FirewallWhether Flui installs and locks down a default firewall, and which source IPs may reach SSH and the Kubernetes API.
Certificate modeWhether the cluster issues a real Let’s Encrypt certificate or a staging one (see below).
Shared storageWhether the cluster includes a master-hosted shared volume (the default) or falls back to per-node local storage.

A cluster is created master-only by default. Adding workers is a separate operation you run later (covered in Nodes and cluster topology); the same is true of growing the root disk on a server type that allows it — both belong to scaling, not creation.

The control cluster is always created from the CLI. There is no dashboard yet — the dashboard is part of what this very operation brings up, together with the API and the identity provider. Workload clusters, which come later, are created from the dashboard once the control cluster is online.

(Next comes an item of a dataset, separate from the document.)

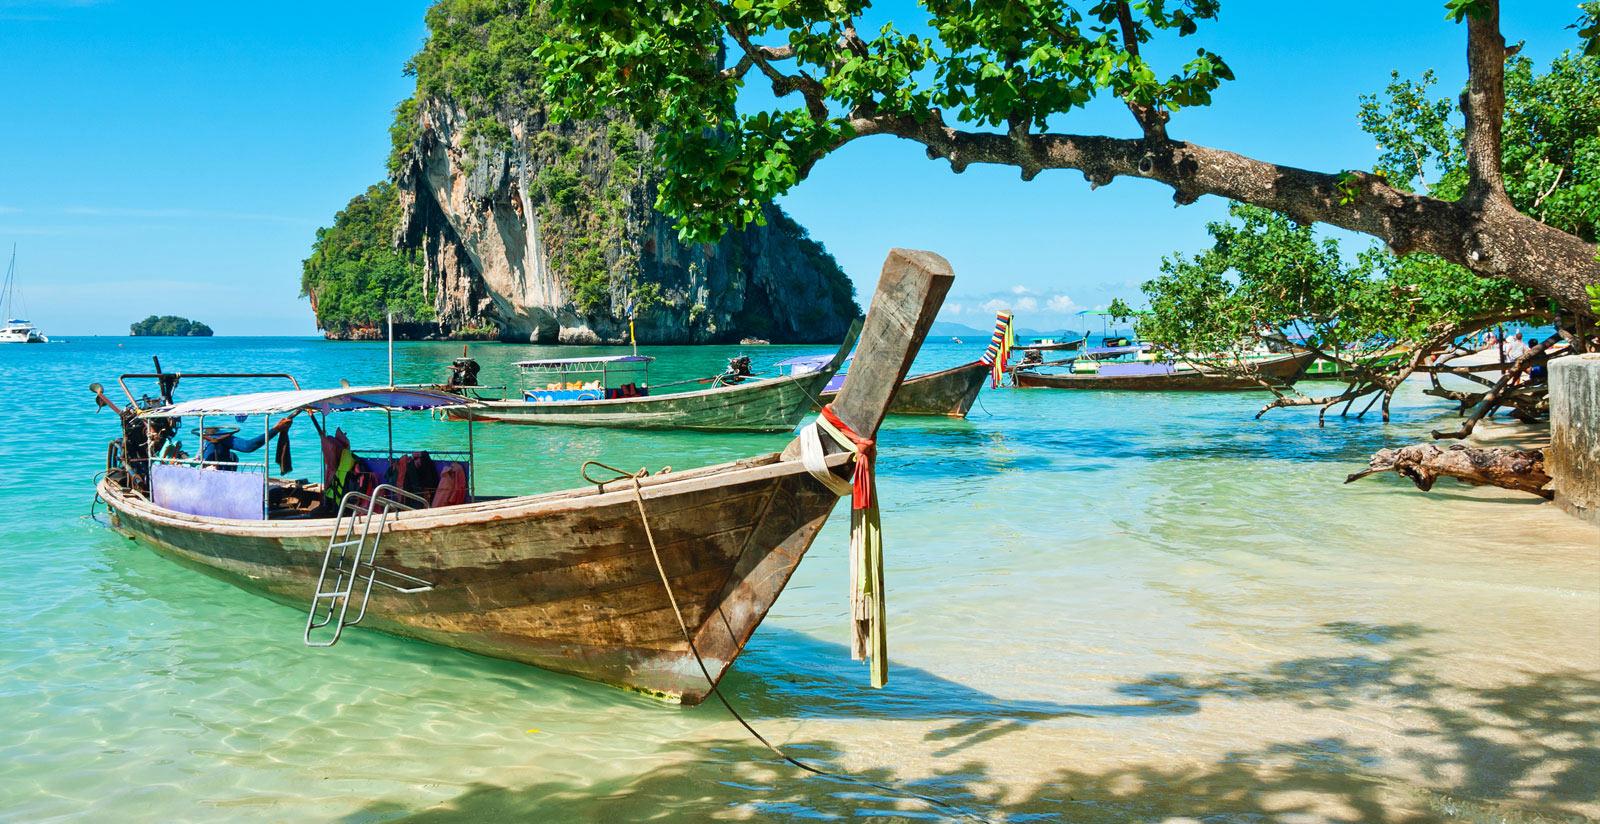 ERROR FARE: Von Genf in der Schweiz nach Bangkok/Thailand für nur 250€ hin- und zurück! [April 2017 - Januar 2018]
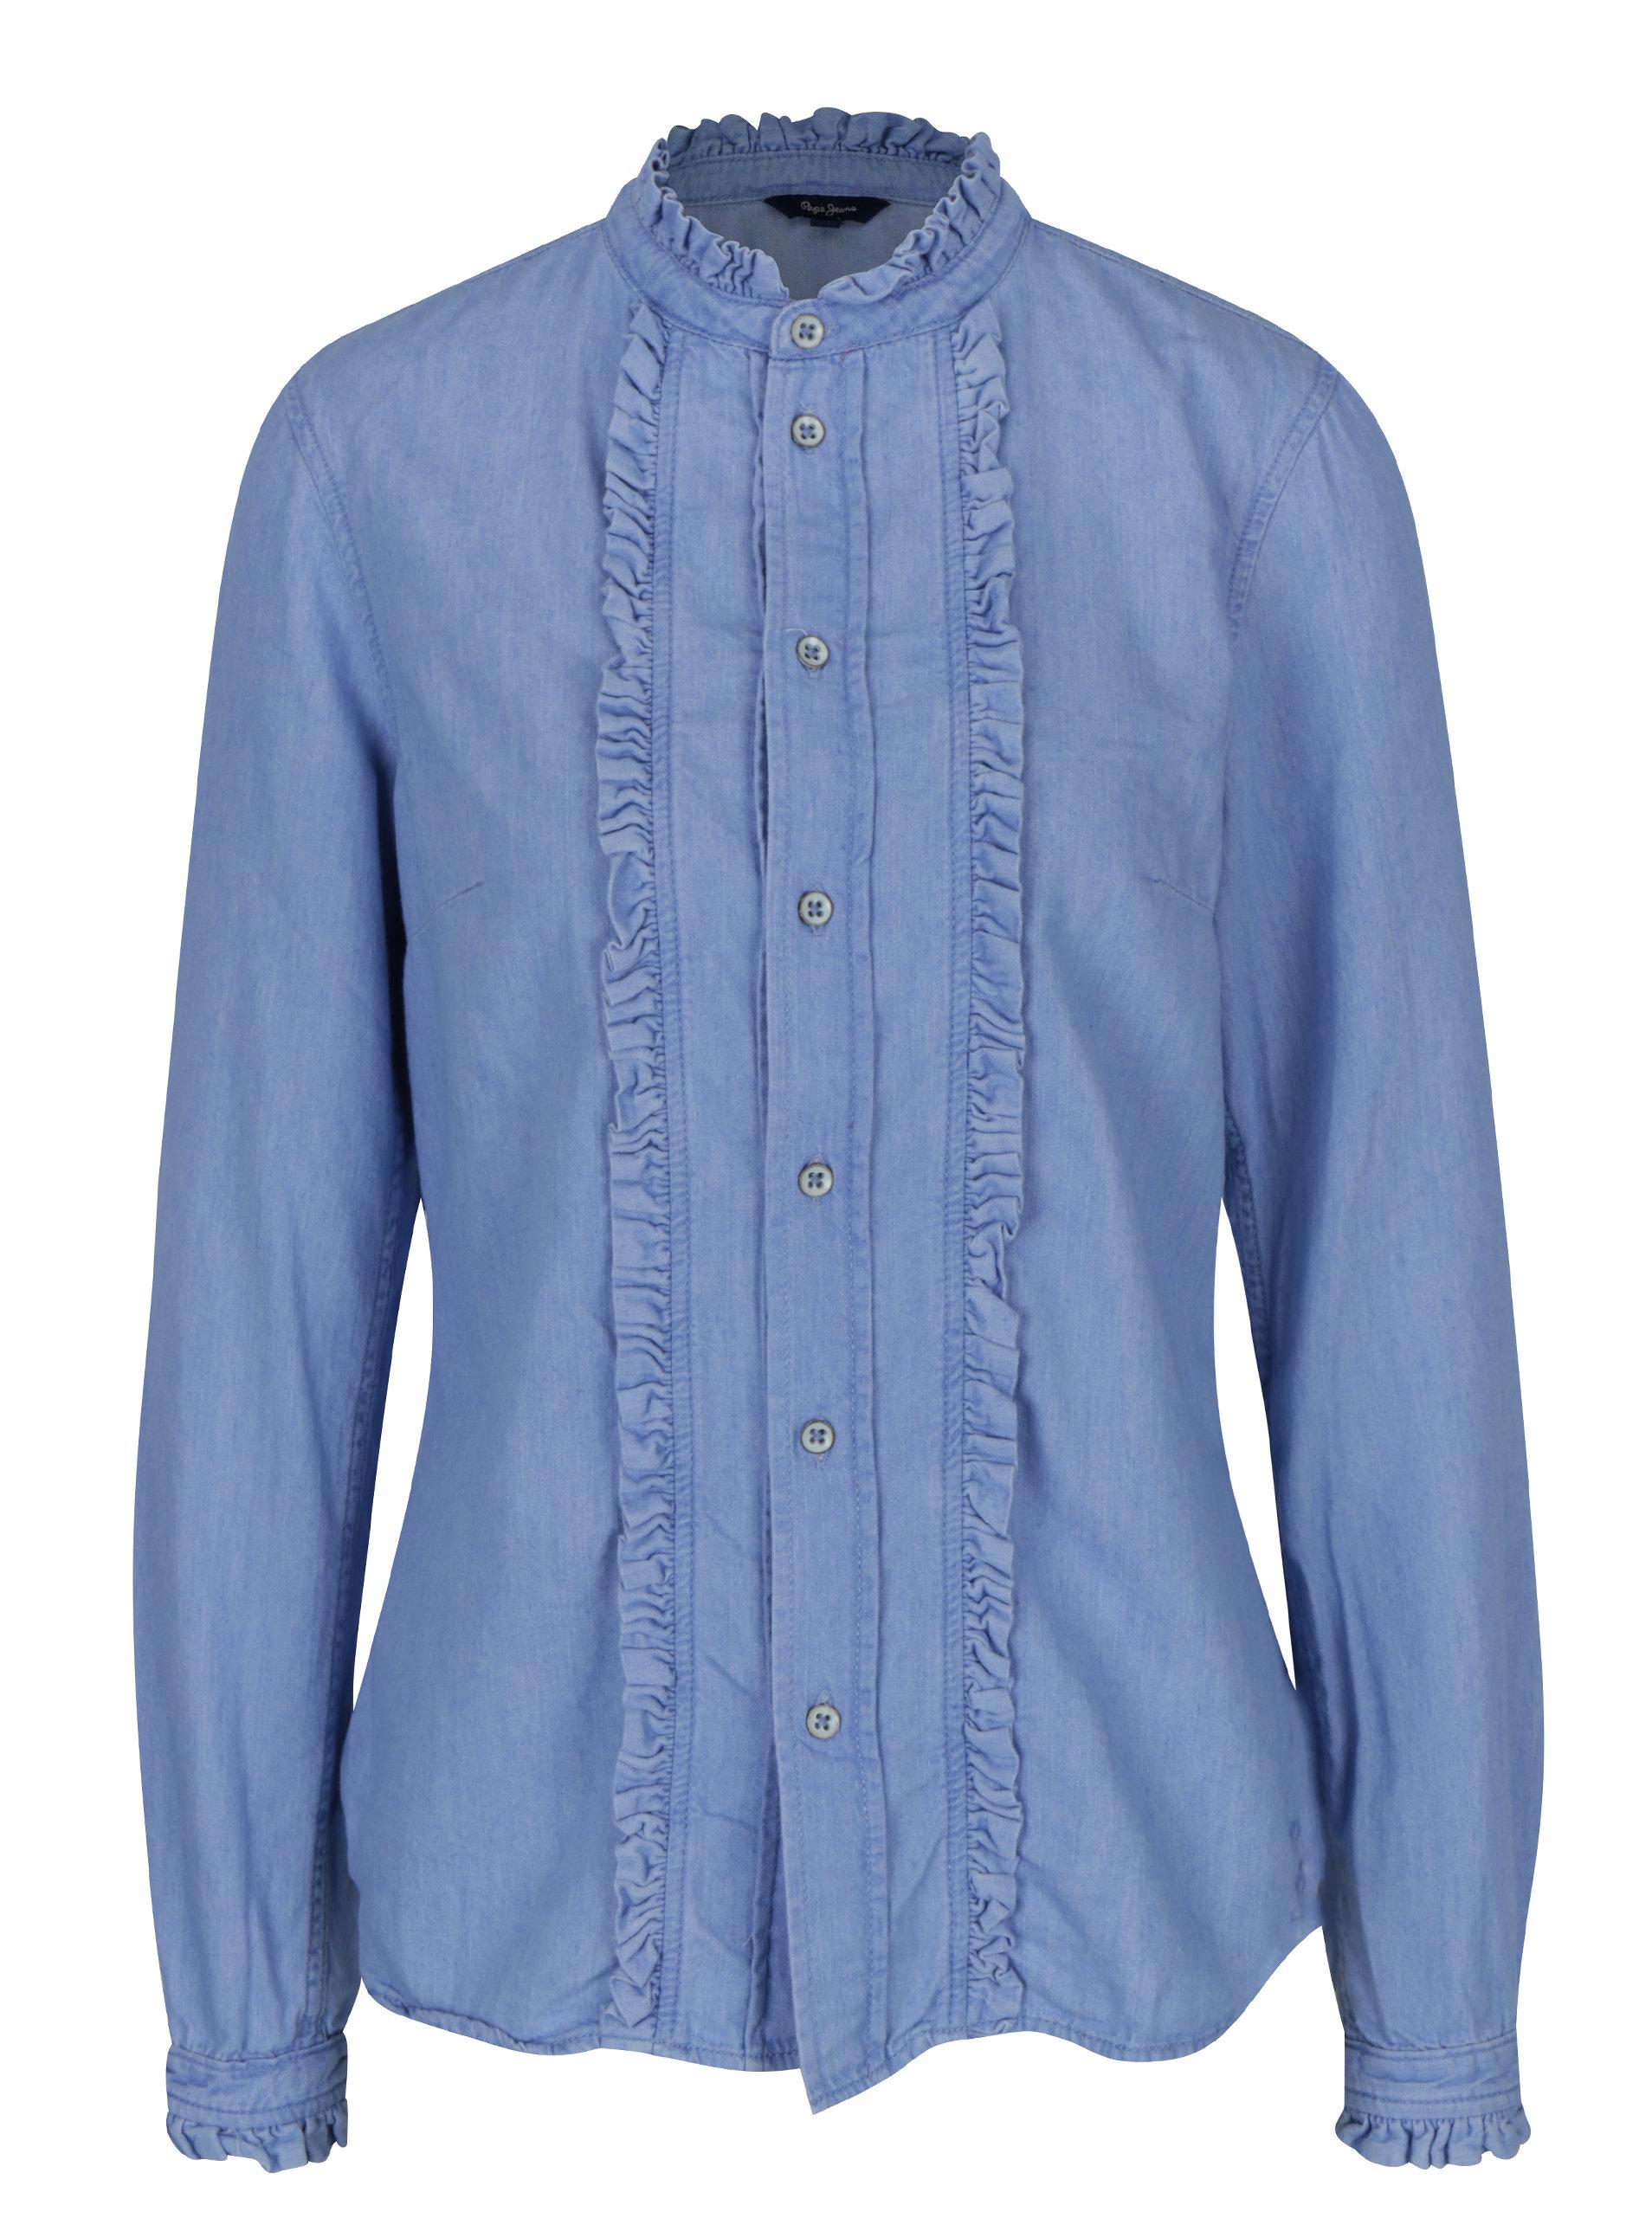 Světle modrá dámská džínová košile Pepe Jeans Frilly ... 4b93ae520d

From the moment the control cluster is up, every further operation — creating workload clusters, deploying apps, scaling nodes, managing firewalls, reading logs — is available from both surfaces. CLI or dashboard is a matter of taste, not capability.

Addressing: nip.io by default, your domain when you want one

A brand new cluster needs a stable URL the moment it is up — for the dashboard, for the API, for the identity provider. Buying a domain and pointing it at the cluster takes longer than creating the cluster itself, so Flui makes this part work without a domain at all.

By default the cluster is addressed through nip.io: the master’s public IP is encoded directly into the hostname (something like api.warm-finch-zs.162-55-56-10.nip.io), and any name that resolves through that scheme automatically resolves to the master. No DNS record to create, no propagation to wait for, no registrar to configure. The cluster is reachable as soon as it is up.

When you want to put the cluster behind a domain you own, Flui handles the swap for you — DNS records, certificates and the control-plane endpoints are rewired in place, without re-creating the cluster. The fact that this is a managed operation rather than manual work is one of Flui’s defining traits. The full story lives in DNS integration.

TLS from minute zero

Every Flui cluster is born with a TLS certificate. There is no “now go install cert-manager and configure ACME” step. The cluster comes up, cert-manager has already issued the certificates the control plane needs, and the dashboard is on HTTPS the first time you open it.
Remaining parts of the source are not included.